Product managers are responsible for the planning, forecasting, and executing a product throughout its entire life cycle. This includes developing a product strategy, gathering requirements, creating a product road map, managing the product backlog, and ensuring that the product meets customer needs. Product managers also work with other departments to ensure that the product is successfully launched and marketed.

The role of the product manager has become increasingly important in recent years as companies have come to realize that successful products require a deep understanding of customer needs and market trends. Product managers are often seen as the link between the customer and the company and play a vital role in ensuring that products are developed and marketed effectively.

Even more specifically, this is about products and services that are digital and software-based. This is a fascinating niche because often, anything feels possible if we are coding it instead of having to build it physically, but this is just an illusion.

There are just as many restrictions and limitations when creating a product or service in software. You still have plenty of constraints such as legal limits, budget, time, team capabilities, and the laws of physics in general.

One of my favorite forcing functions when working on my products or advising startup founders is to think of how much of your vision of your product you can dilute, significantly reduce effort, and make things much simpler for yourself.

So if your 100% vision takes 100% effort, can you get 90% of what you want but expend only 10% of the effort? In other words, where are the compromise areas, especially in the things that are difficult and perhaps do not add as much value as you think they do?

My favorite tactic to achieve this is to constantly think of the “v1” of what we are doing. Can we ship something smaller, more straightforward, with fewer moving parts to think about?

I think like this because I have been constantly humbled about my abilities about being able to estimate or understand even the simplest of features.

I have never been able to accurately understand features as a whole up-front in my entire professional career. Additional considerations and complexities come into play as soon as you start designing, and then even more come up as you start coding.

So, start with the assumption that you don’t even know how complex something is going to be, but that it will for sure be more complicated than you assume it is going to be.

It is a little strange to treat yourself like a child, but this is what is required to put yourself in the right frame of mind. Sketch out the big ideas of your feature, scale it down, and then consider some of the edge cases. You will likely underestimate your edge cases by 50-100% at a minimum — and this is where the problems are.

If you bundle together enough edge cases for a given feature, they actually add up to both a significant amount of design and development work and also a lot of the usage of the product.

The other problem, often outside of the product manager’s responsibilities, is that budget and time are already fixed. Contracts and agreements and plans may have been made even before you started working, and you may or may not have been consulted, so these are constraints that you have to work with.

And so, the only lever left for you to manage is the scope. More often than not, you will regret taking on too much scope than taking on too little.

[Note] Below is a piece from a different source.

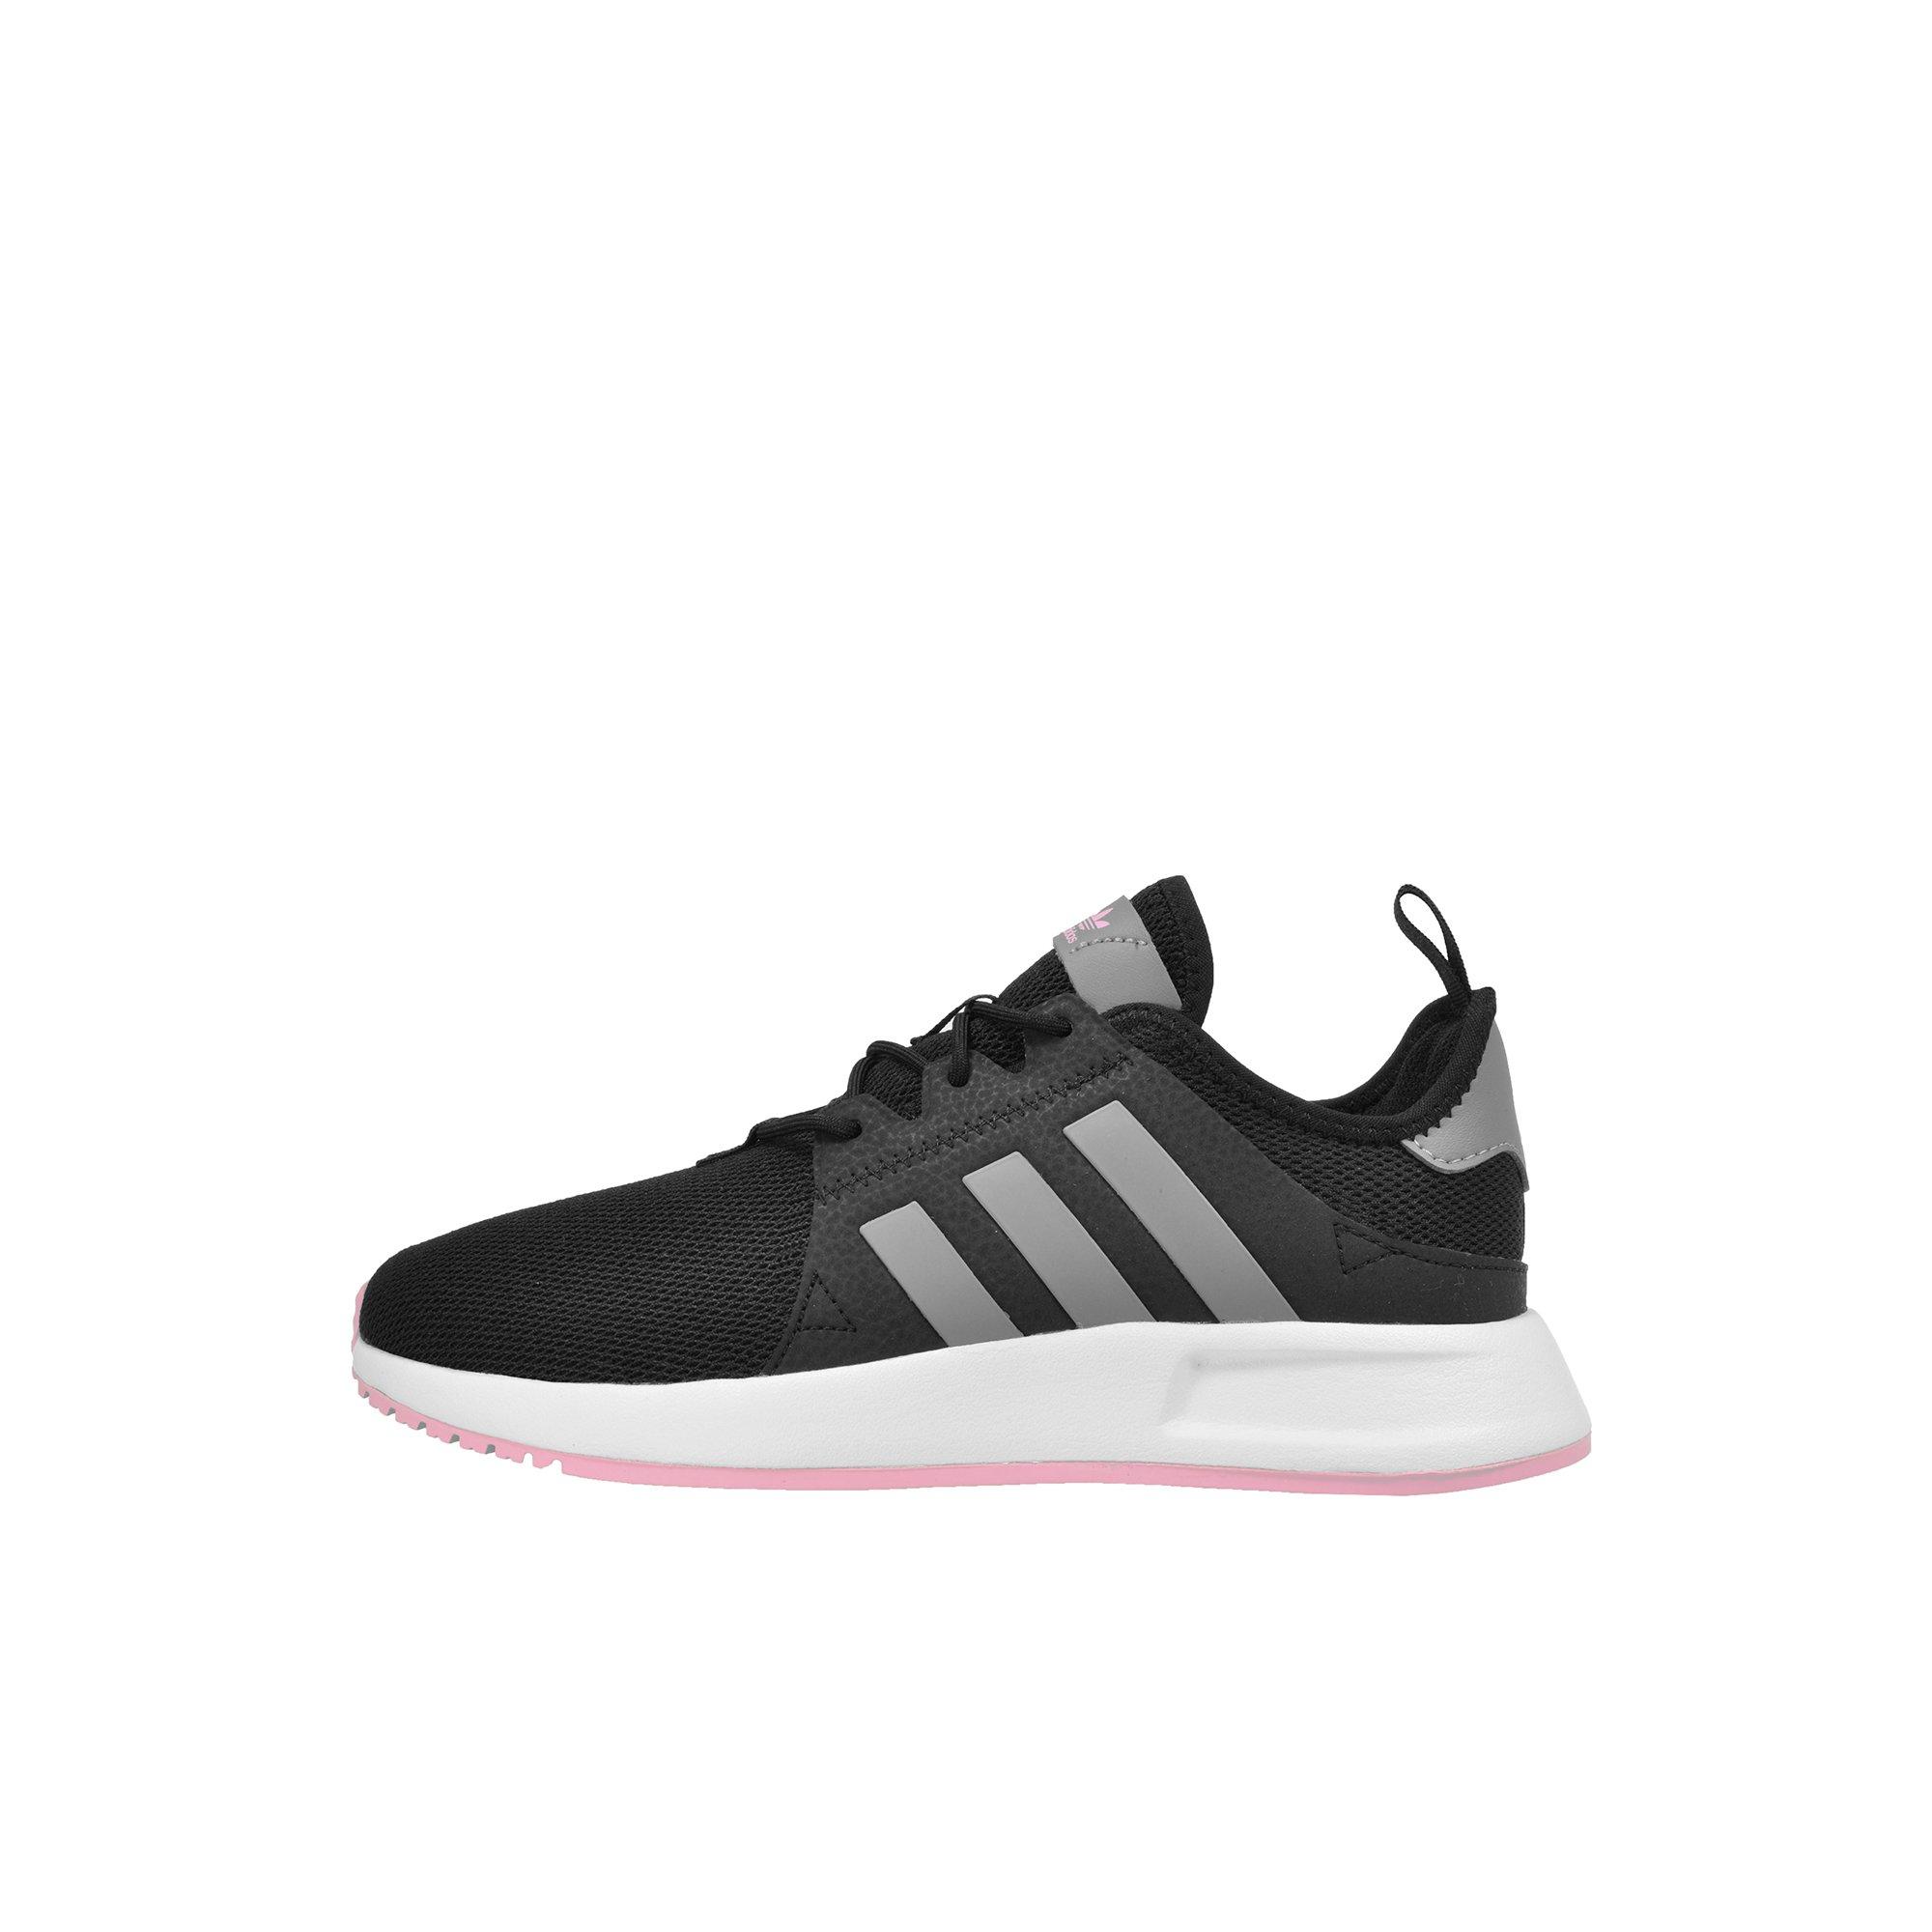 adidas takkies for toddlers

Don’t be scared to ship something that feels “underwhelming” to users or your management team. Just shipping something that works and is actually used is already a huge win, plenty of organizations fail at even this essential task.

Once you’ve got something in the hands of real people, speak to them. With a surprisingly small sample size (<10) you’ll have a good idea of what additional improvements you need to make, and this is your new starting point. And you apply the above 90/10 thinking to this improvement, make life easy for yourself, and ensure that you ship.

And then repeat.

Over time, this will lead to a team that has little stress, ships a consistently high-quality product that is user-centric, and gets in the habit of shipping a product regularly instead of having “one big-bang release”.

I am always skeptical of scheduled large product launches for this reason. My experience, and what I have seen others do that have been successful, is that good products don’t “launch” in one day. They take months and years to improve slowly until they solve specific problems really well. That’s when most people then become aware of the product, and it looks like an overnight success.

It’s not — it is lots of small, good decisions compounded over time.